CBS was as bad as Fox for misinforming the U.S. public about basic facts, such as Saddam’s lack of involvement with 9/11 or his hostility to the religious extremists running Iran. No wonder Cronkite is ashamed of what happened to the old Edward Murrow news center..
“If they’ll stop lying about us we’ll stop telling the truth about them,” said some French official or other, That was around the time one of the right-wing hypocrites led a stupidity charge to change “french fries” to “freedom fries” on the congressional menu.
And still the homegrown fools – even here – cheer the continuing damage the Bushies refuse to stop doing to U.S. security and the national interest.
Amazing.
TJGeezer,
If you havent seen it yet, here is a video on the war that should bring a smile you your face.
http://www.ifilm.com/video/2773525
33 – Heh. Asylum Street Spankers. Know what? They may have it right – maybe ridicule is the only way to stop people who have no regard for anything but money and power. At least ridicule may back their core mouth-breather voters away.
“Do you have anything at all?” GregA
I have links to news sources toback up my opinions. not only that one but this one, which mentions your claim of more sophisticated bombs and that while there has been an increase in killings the increase is less than it has been in the past.
You can look through your doom colored glasses all you want, but the “facts on the ground” , to coin a phrase, seem to say different. As does a Google News search for “Baghdad security”
And looking around I found this one, which is oddly very relevant to this blog.
http://tinyurl.com/2xfgda
“We” and the Iraqi people have lost, but the original objectives have already been met: The Cheney cabal has already locked up the oil contracts and will have permanent bases in the area, no matter what happens to the people of Iraq. http://tinyurl.com/3cx5r9
Want a REAL war…
Start education of ALL, females males, children in the nation…

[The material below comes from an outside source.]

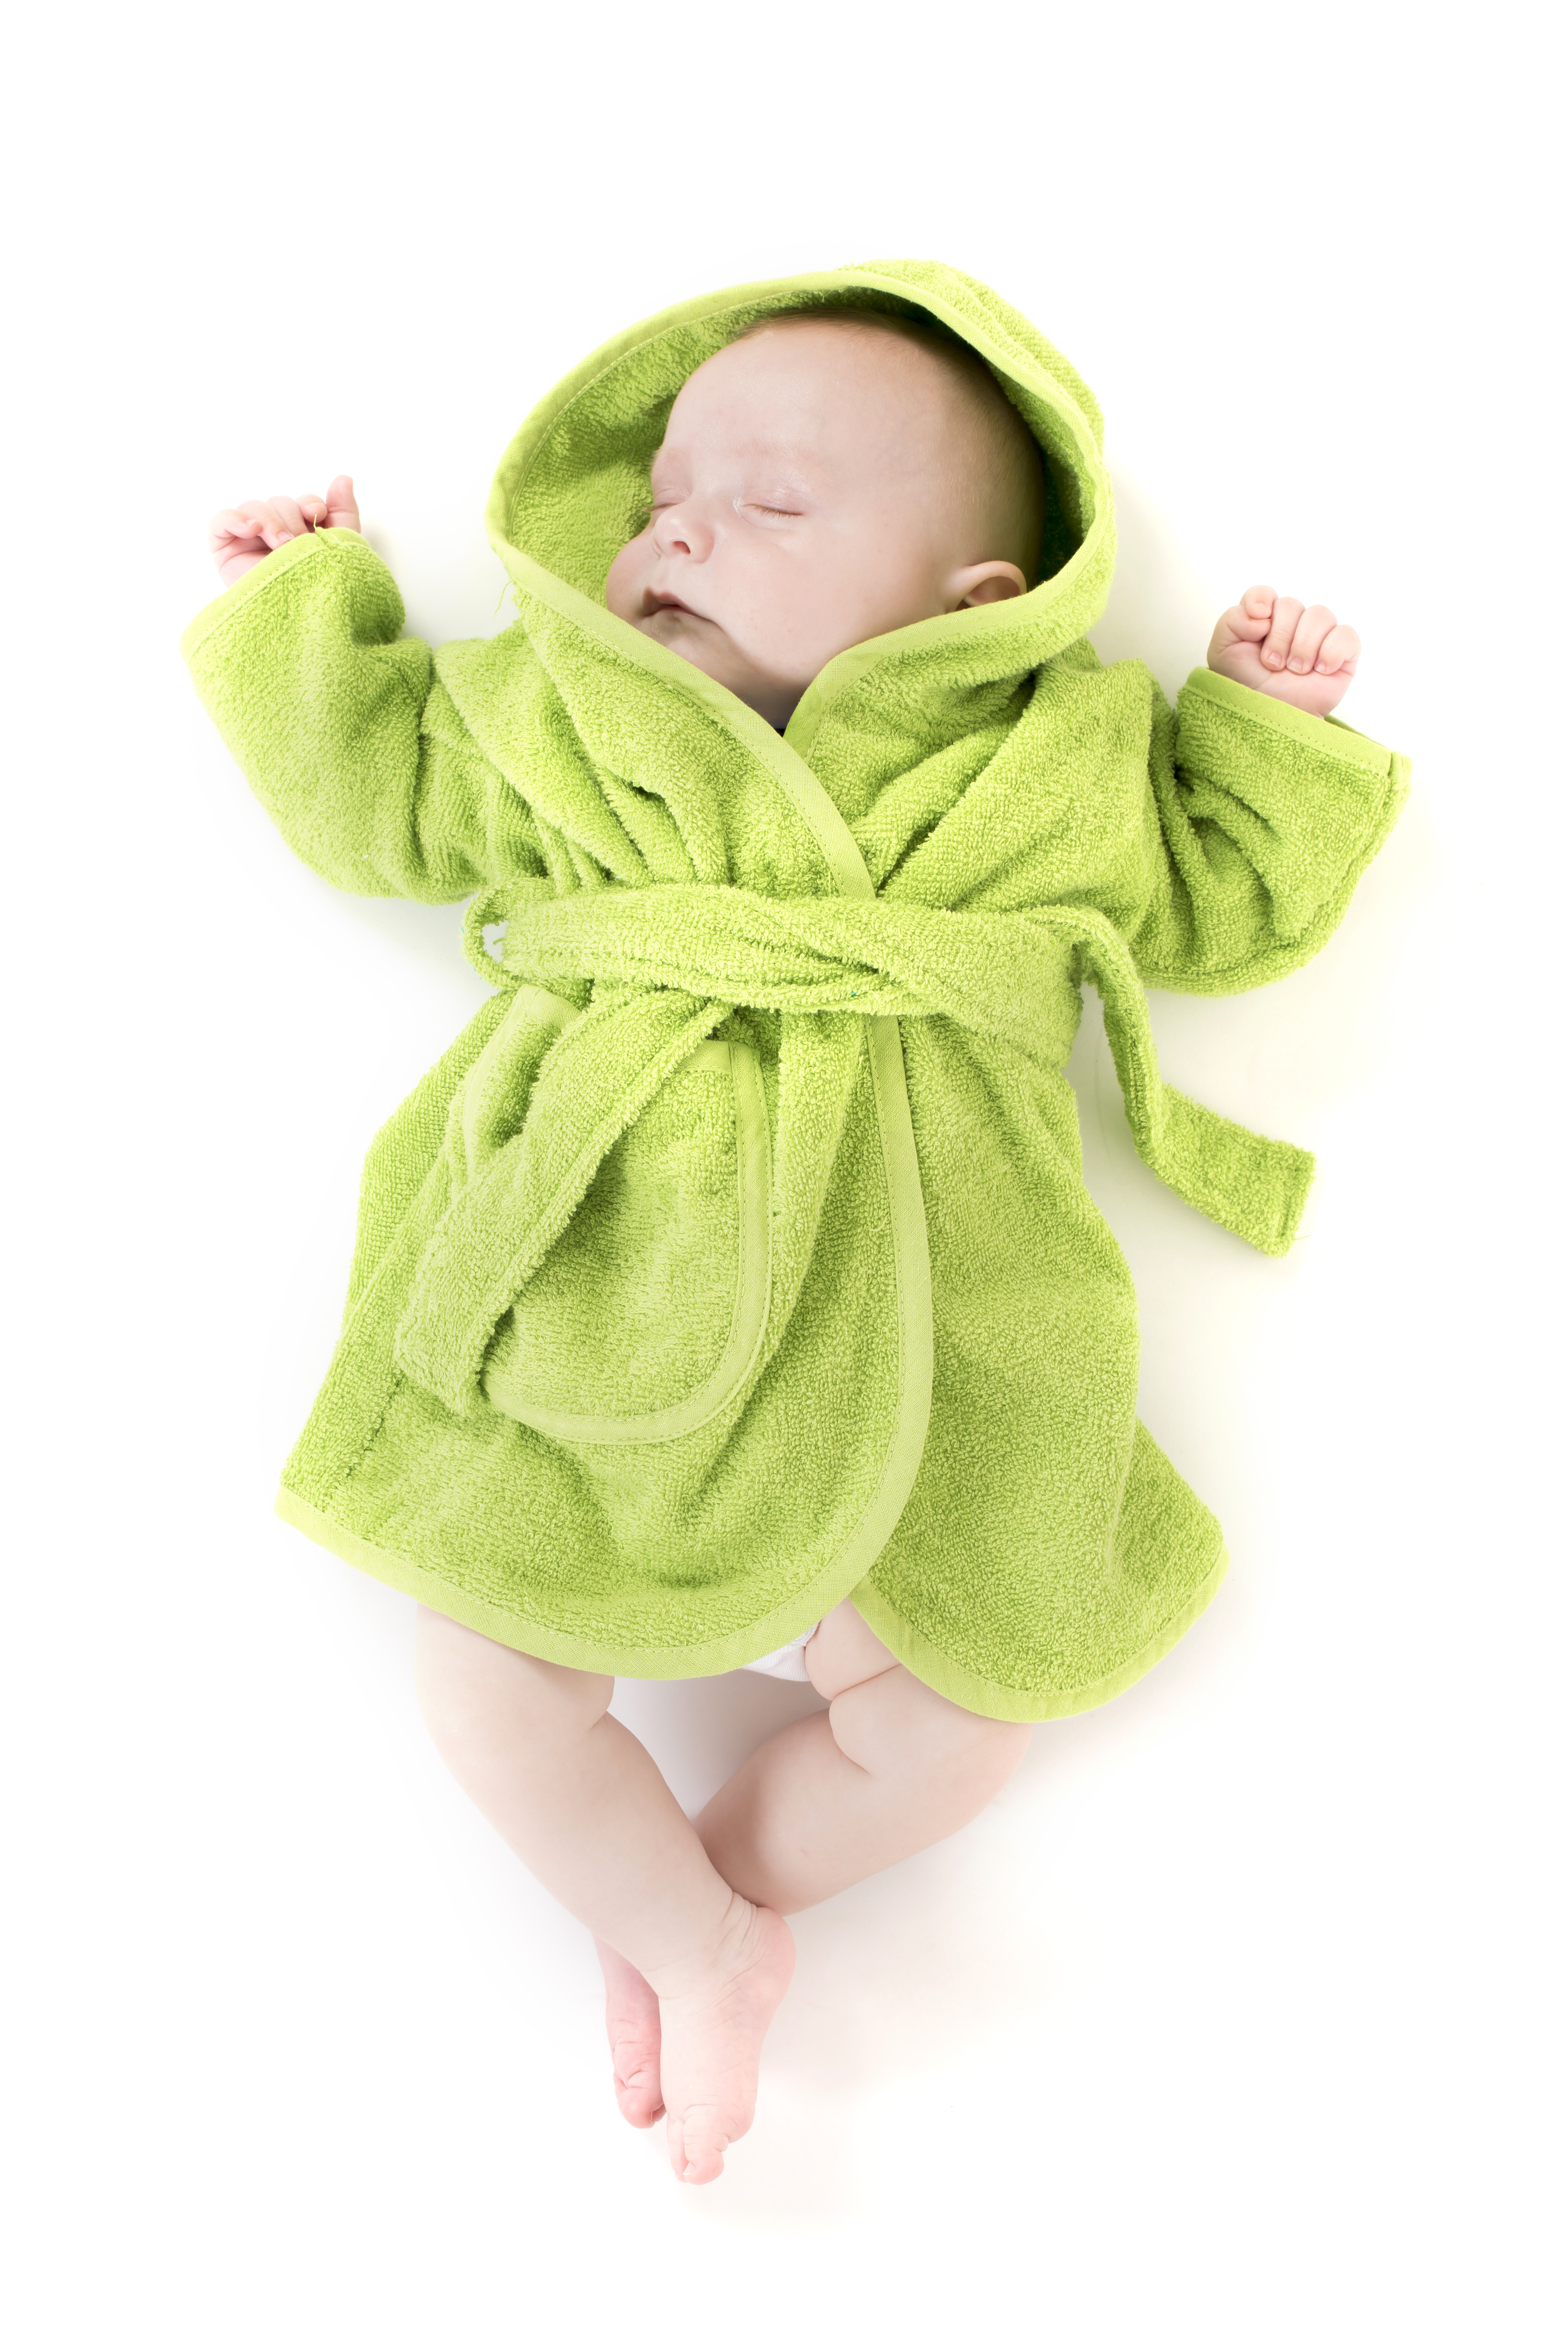 Baby badjas uni - 0-12 maanden, groen

and threaten to HOLD the nation in USA hands for 50 years…
Jim W,
You can’t even tell when you have lost an argument. How are you gonna tell when you lost a war?
**falls for GregA’s flame bait**
What argument? 🙂 I post links to informative news that refutes the idea we are losing in Iraq. You post your own rhetoric and a funny (yes, I laughed) youTube clip.
You really got me with that youTube clip. I guess we ARE losing in Iraq.
/sarcasm
🙂
#30. Oops, not so fast –
BAGHDAD, March 15 — Gunmen ambushed a convoy on Thursday that was carrying the mayor of the sprawling Shiite area known as Sadr City, seriously wounding him and complicating American efforts to rein in a powerful Shiite militia there. The attack killed Lt. Col. Muhammad Motashar, the director of the Sadr City police station.